Brief: Using the data below, set down every line from the one containing "1441 Supreme President" through the one containing "sand-castles-04", inclusive and unchanged. Pictures are to be skipped.

Stored data:
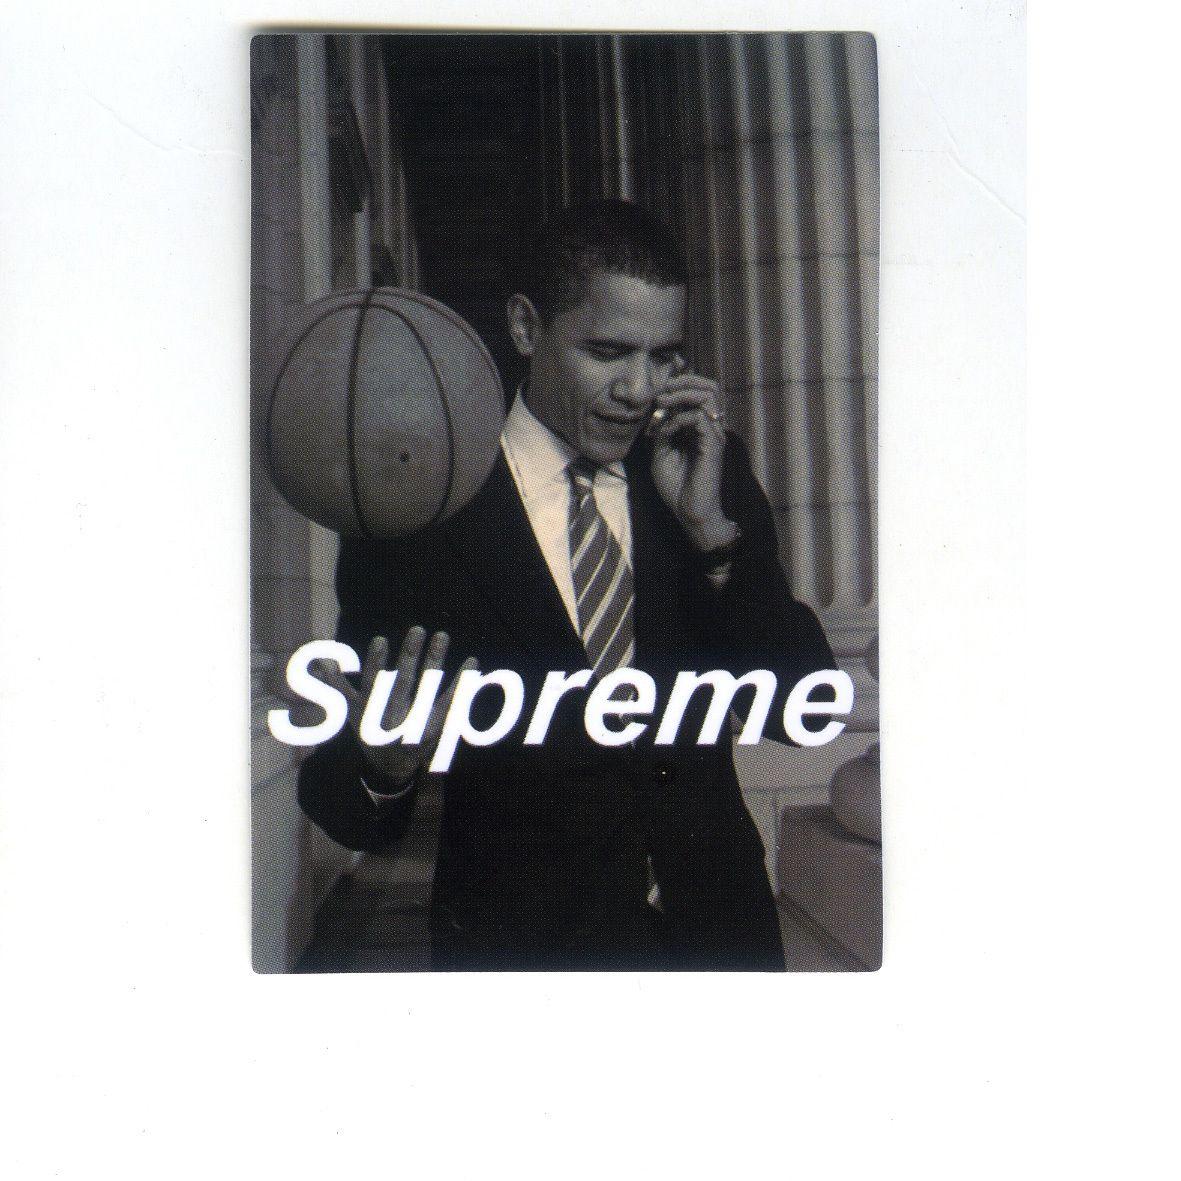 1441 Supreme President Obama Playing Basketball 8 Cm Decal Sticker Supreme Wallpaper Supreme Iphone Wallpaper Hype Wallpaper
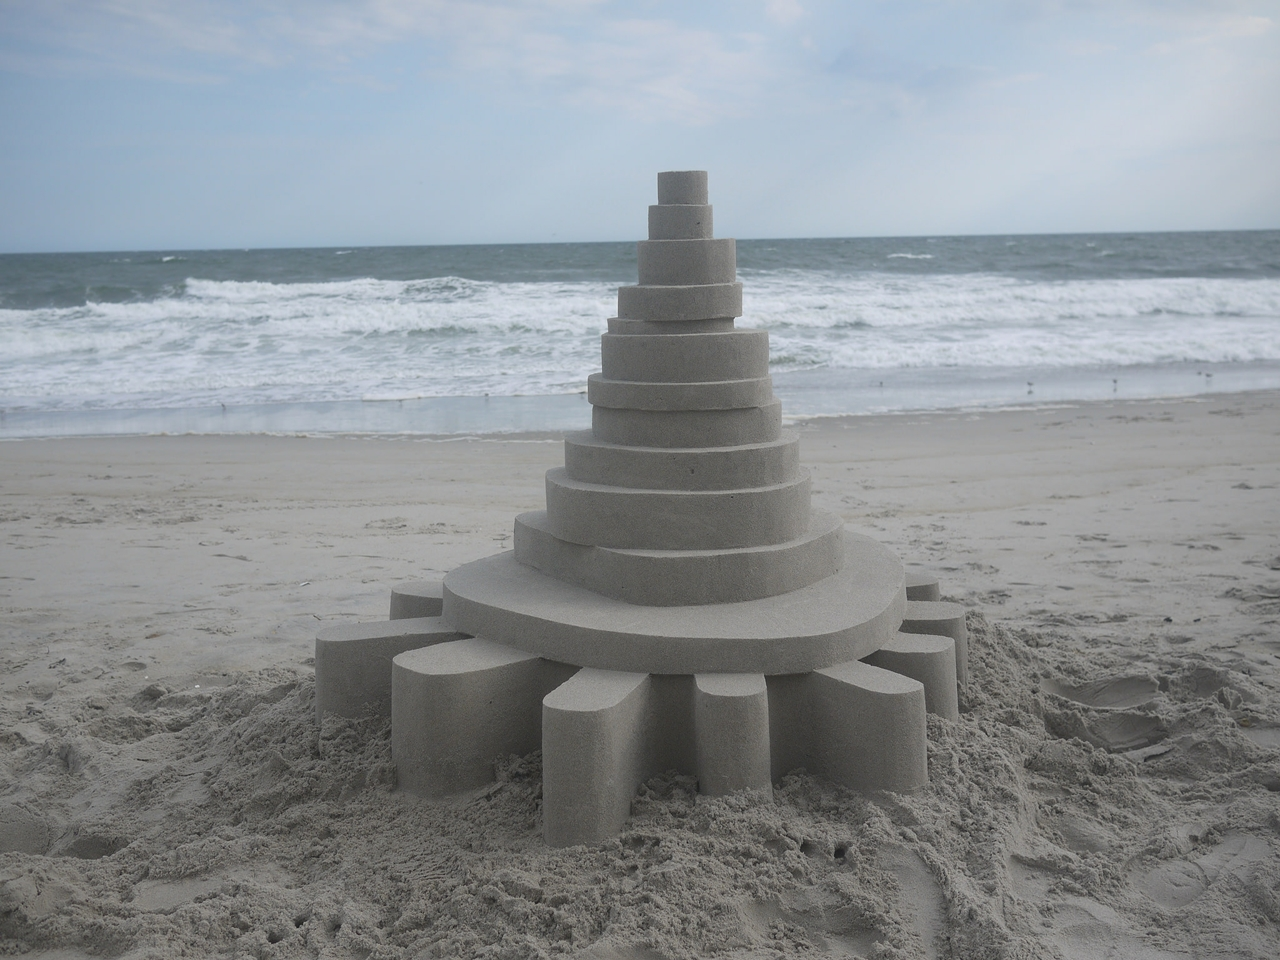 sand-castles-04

...

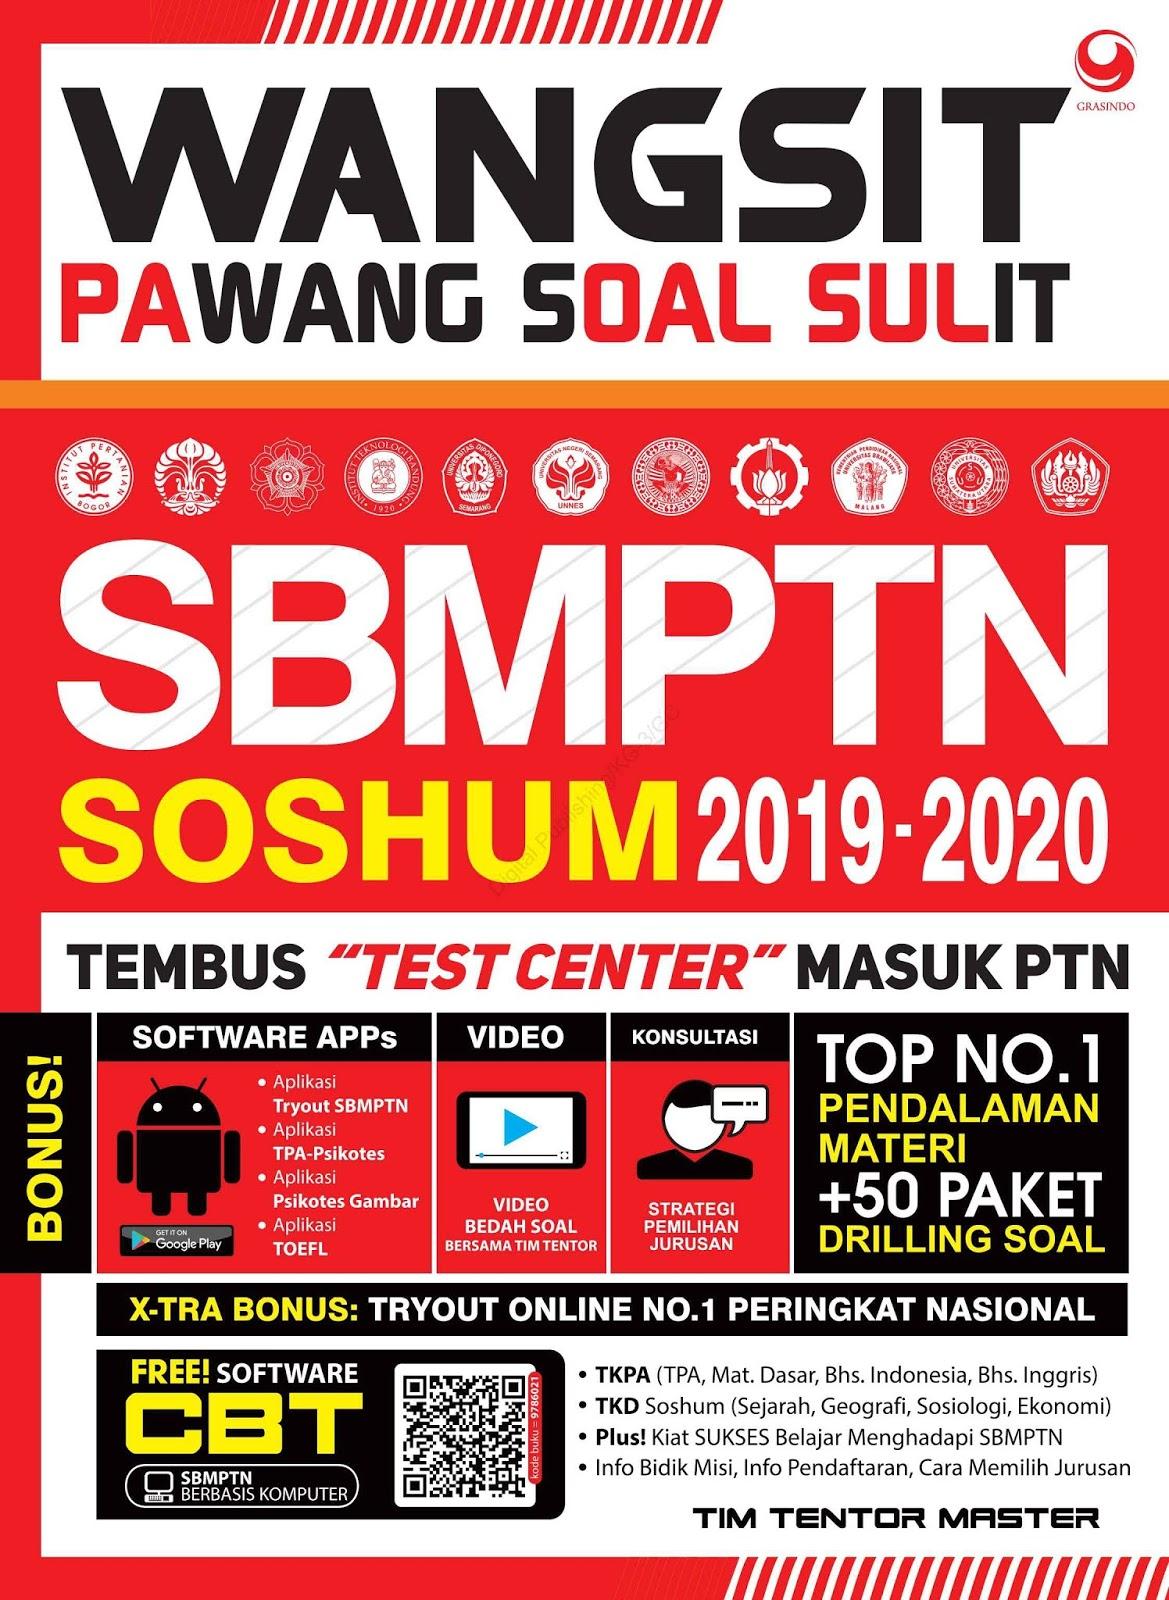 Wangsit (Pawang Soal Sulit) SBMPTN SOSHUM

Task answer:
 1441 Supreme President Obama Playing Basketball 8 Cm Decal Sticker Supreme Wallpaper Supreme Iphone Wallpaper Hype Wallpaper
 sand-castles-04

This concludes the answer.